Закрыв за ними дверь, я тут же ощутил томительное, зудящее беспокойство. Как-то надо было распорядиться этим неожиданным подарком, сделать что-нибудь эдакое, невозможное при тётеньках, – но я всё никак не мог придумать – что именно, и мною только всё больше овладевала досада оттого, что ценные секунды утекают сквозь пальцы. Я понимал, что потратить их на чтение брошенного мною на диване «Графа Монте-Кристо» было бы преступнейшим расточительством, но куда их ещё девать – не находил.
На миг меня охватило страшное искушение – вскрыть, наконец, хотя бы одну из этих угрюмых, глухих, пыльных дверей, смутно белеющих в сумраке коридора, за которыми наверняка ждут меня удивительные открытия и уйма чарующих кладов.
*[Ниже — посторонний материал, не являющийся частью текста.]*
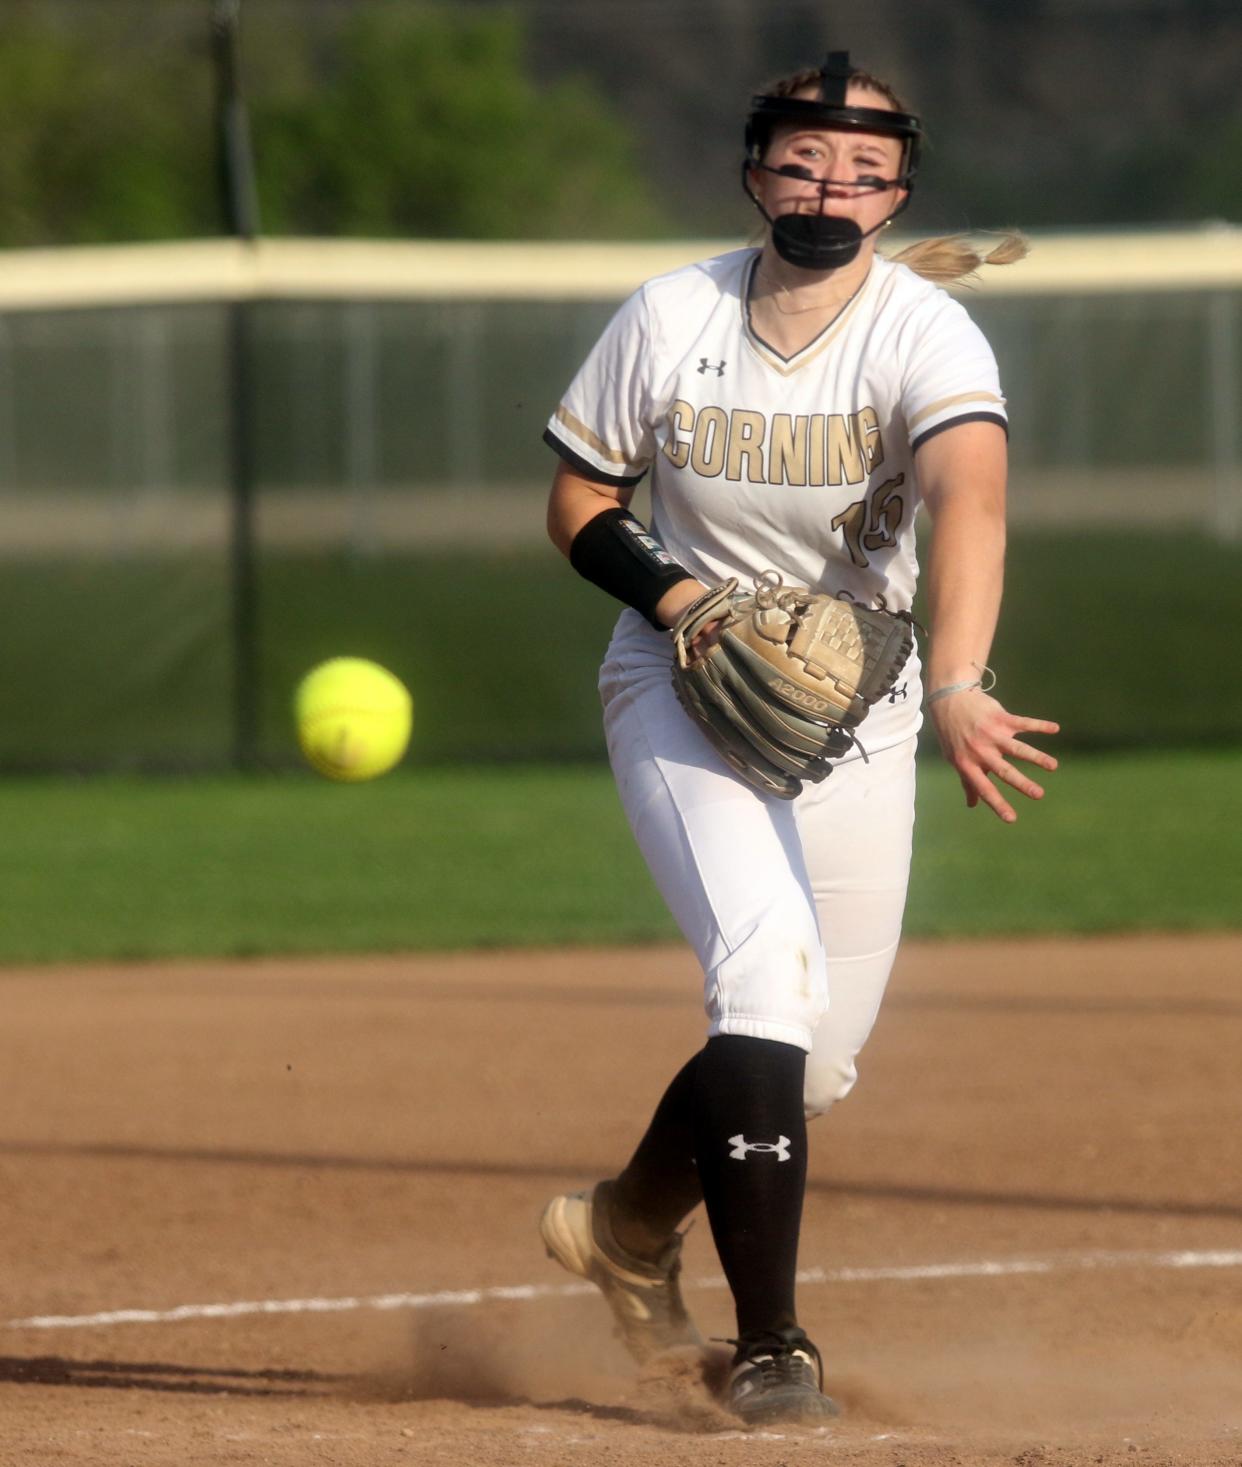 Peyton Sullivan pitches for Corning in a 9-5 loss to Vestal in softball April 21, 2023 at Corning-Painted Post High School.

Во мне ещё не успел умереть ребёнок, коему минутная рассеянность матери сулит массу волнующих приключений, – и теперь он высунул наружу встрёпанную русую головёнку и жадно озирался по сторонам. Но тут же скептический взрослый взял верх, упихнув его обратно суровой дланью – и заметив себе, что насчёт кладов-то ещё бабушка надвое сказала, а вот что от малейшего неловкого движения в этой дряхлой сталинской пещере может обрушиться потолок – сомнений не вызывает. Моральная ответственность за души человеческие – это одно, но отвечать карманом за порушенные архитектурно-культурные ценности я не хотел.